Dedicated is the result of Jepsen's years of work on a follow-up, and the wait was worth it. Dedicated isn't quite the home-run that Emotion was (I don't think anything ever could be) but it's still one hell of a swing; a brightly painted, disco-driven pop record packed with emotional highs.
Jepsen has an uncanny ability to make vague platitudes sound like heart-on-sleeve confessions (on All That, one of the best tracks from Emotion, she tells a lover: "I will be there/I will be your friend" – and it sounds as though she's promised the world). That sense of unspecific-but-transcendent bravado is present on Dedicated: Now That I Found You, an addictive disco bop, has Jepsen celebrating a new love: "There's nothing like this feeling now that I've found you". What "this feeling" exactly is doesn't matter on a song that slaps this hard.

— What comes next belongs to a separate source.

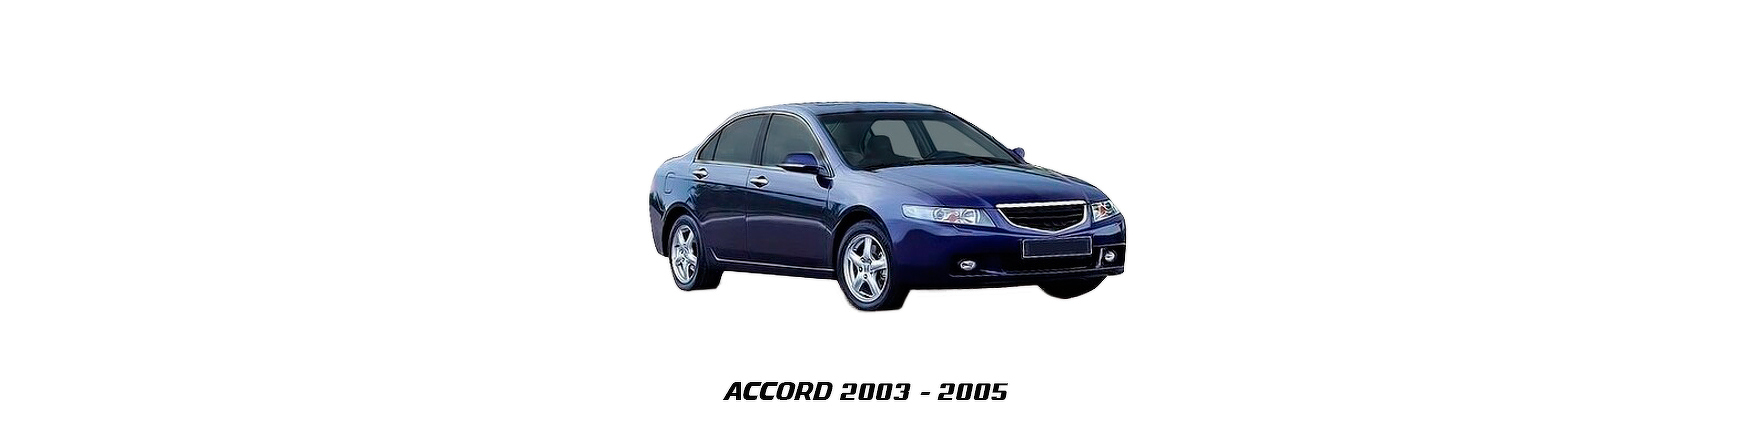 Piezas y Recambios de Honda Accord de 2003 a 2005 | Veramauto.es

The pounding beat says it all.
Dedicated is stacked with bangers: Want You In My Room is a pleasantly weird Jack Antonoff collaboration, while Everything He Needs is a surprisingly pretty arrangement, with Jepsen's repetition in the chorus building to a dreamy, melodic bridge. Bang in the middle of the record is its best track, Too Much, one of the few moments where Jepsen keeps her arrangements minimal. It's a pop song for anyone who apologises too much – but Jepsen subverts the cliche and channels that energy into a calm feeling of self-actualisation.